Instagram war für mich damals ein Ort an dem ich mit anderen Menschen meine Interessen teilte. Schon als kleines Mädchen war Backen eine große Leidenschaft von mir. Später folgte das Kochen, was ich jedoch nur halb so schätzte wie das Backen. Ich suchte bei den unterschiedlichsten Menschen, die etwas mit Backen posteten, nach Rezepten, um es ausprobieren zu können. In der 4. Klasse hatte ich noch ein paar wenige Freunde dich mich in den Socialmedia-Strudel rissen. In dieser Klasse bekam ich die ersten Anfeindungen, natürlich übertrug sich das auch auf sozialen Netzwerke, die ich verwendete. Auch heute noch.

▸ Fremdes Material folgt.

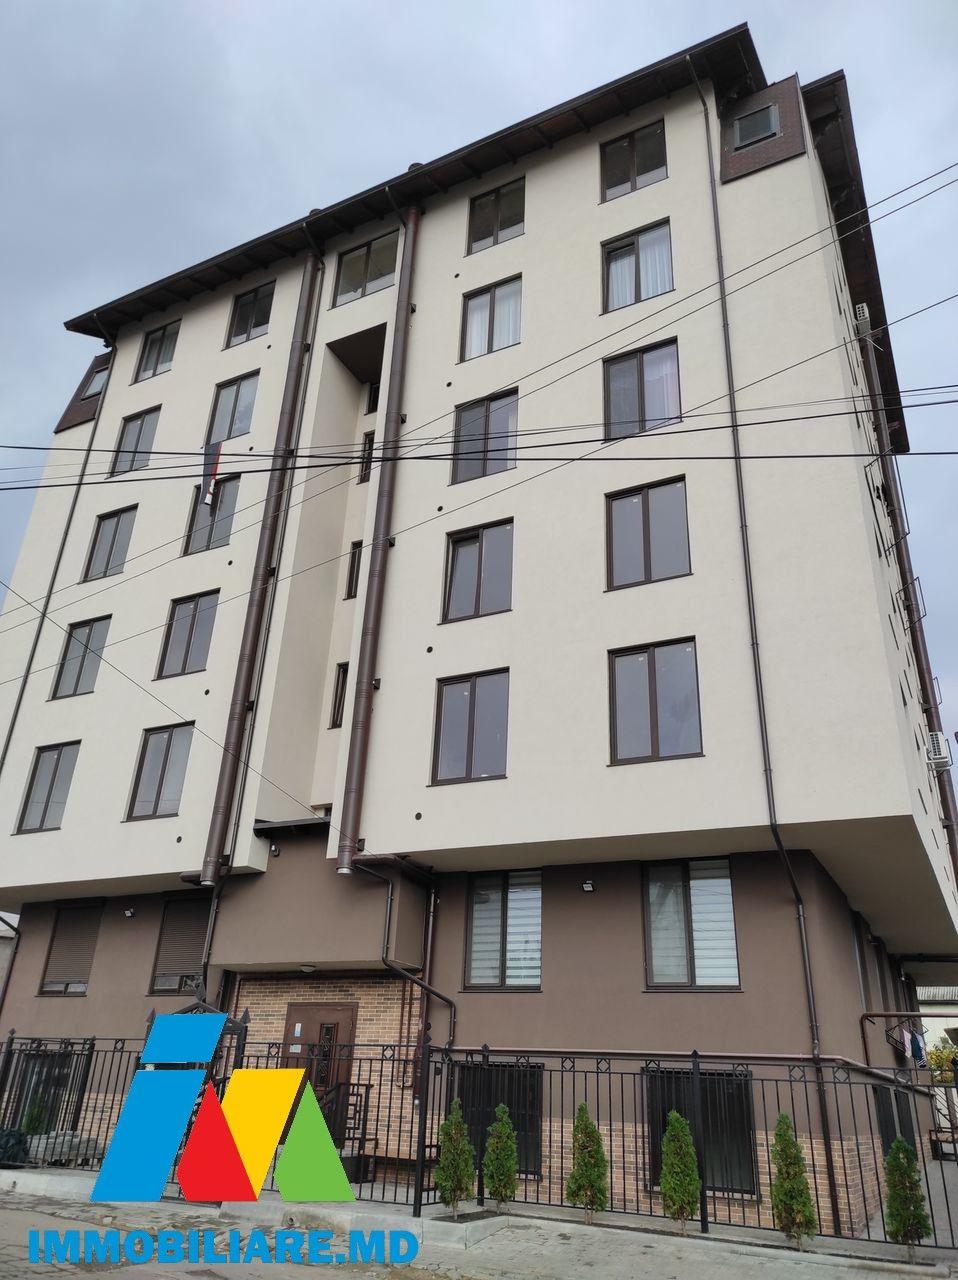 Apartament cu 1 cameră, sect.Buiucani, str.Al. Marinescu.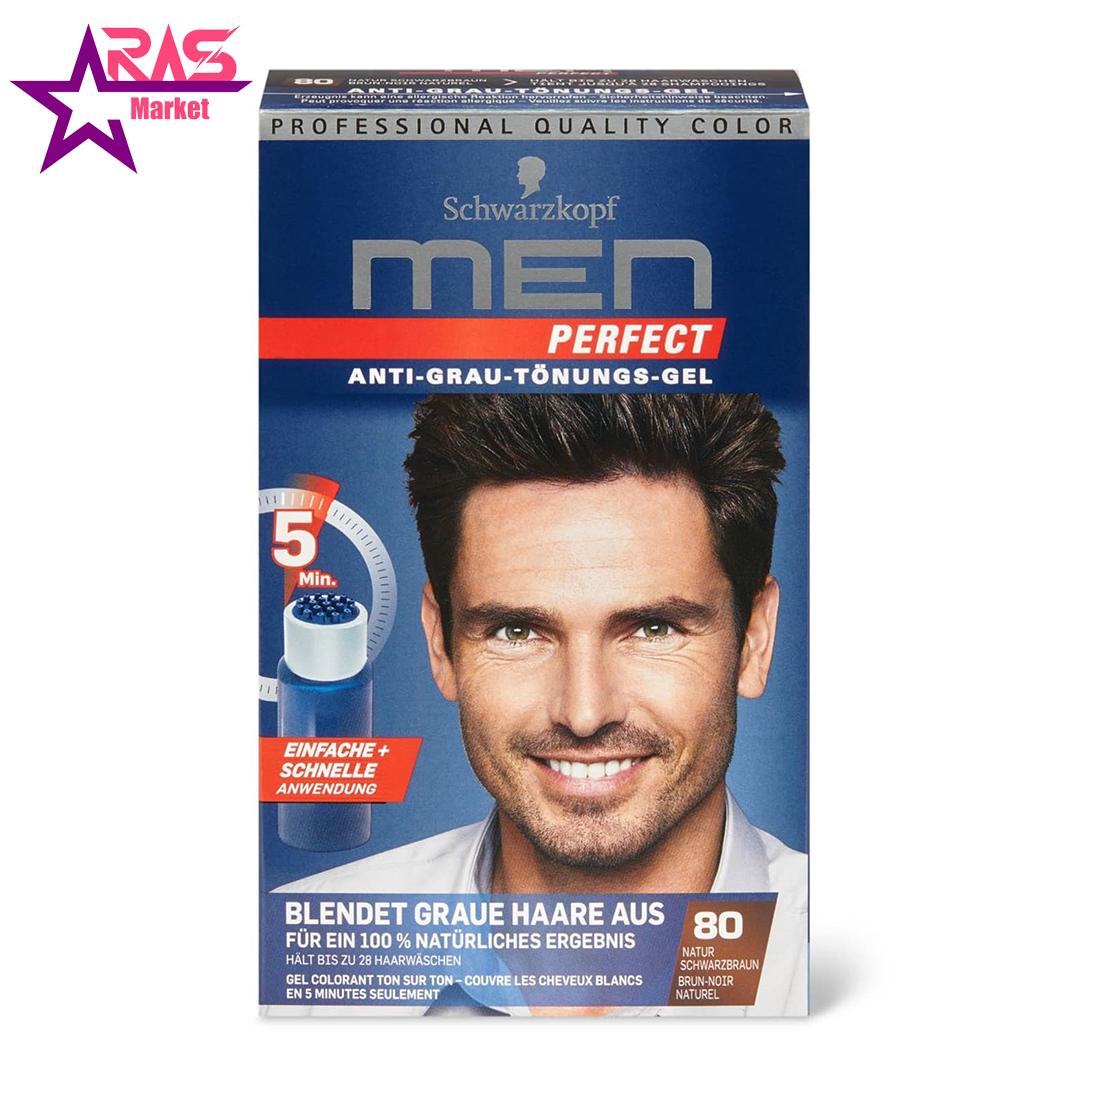 کیت رنگ مو مردانه Men Perfect شماره 80 ، فروشگاه اینترنتی ارس مارکت ، بهداشت آقایان ، رنگ مو مردانه من

@Mel18: „Alter, ich finde das so ekelhaft! Wenn ihre ‚Eltern‘ Schwuchteln sind, dann sie sicher auch!“
@Basti: „Dreschen wir ihr das einfach aus dem Kopf! Vielleicht kann sie dann noch unter die normalen Menschen kommen. Oder denkt ihr sie ist zu sehr verstört?:
@Katie-K: „Ich glaube ihre ‚Väter‘ können ihre Hände nachts nicht bei sich lassen.“
Das stimmt nicht. Es stimmt einfach nicht. Meine Eltern würden mir nie etwas antun. Sie hatten niemals Hand an mich gelegt. Sie waren noch nie wirklich laut geworden. Nur einmal waren sie mal so richtig wütend und nicht mal da hatten sie mich wirklich angebrüllt. Ich glaube sogar, dass sie es innerlich gemocht hatten, dass ich die Nachbarin mit Dreck bewarf. Sie war eben halt auch Dreck. Damals als das Ganze anfing, fing es nur mit kleinen Beschimpfungen an, die kleine 12 Jährige schrieben. Sie fanden das Ganze ekelhaft. Aber das empfand ich damals auch so. Die Vorstellung Menschen stecken sich gegenseitig die Zungen in den Hals und suchen im Inneren nach Essensresten. Mir ging es allerdings niemals darum, welche Menschen das Taten und in meinen Augen waren meine Eltern schon immer perfekt zusammen. Ich wollte es nie anders. Auch heute noch. Es widert mich an, dass es Menschen gibt, die über andere urteilen und sie dann auch noch beleidigen, weil sie einander lieben. Weil sie eine Familie haben wollen, wie jedes gottverdammte andere Paar auf dieser Welt. Aus einer meiner vielen Kurzschlussreaktionen heraus, landet mein Handy im Wasser. Mit der Hoffnung, dann würde die Welt endlich still sein. Dann könnte ich durchatmen, meine Eltern ohne Schuldgefühle in die Arme schließen, stattdessen wird mir schlagartig bewusst, dass nicht nur die Umwelt, sondern auch das Geld meiner Eltern langsam unter meinen Aktionen leidet. Aus diesem Grund folge ich meinem Handy ins eiskalte Wasser. Es ist aufgewühlt, grün und ich hasse das Gefühl der Algen an meinen Füßen, doch umso besser ist das Gefühl des Sandes auf dem ich stehe. Trotzdem freue ich mich auf die Dusche später. Vielleicht kann diese auch die restliche Woche über erfolgen.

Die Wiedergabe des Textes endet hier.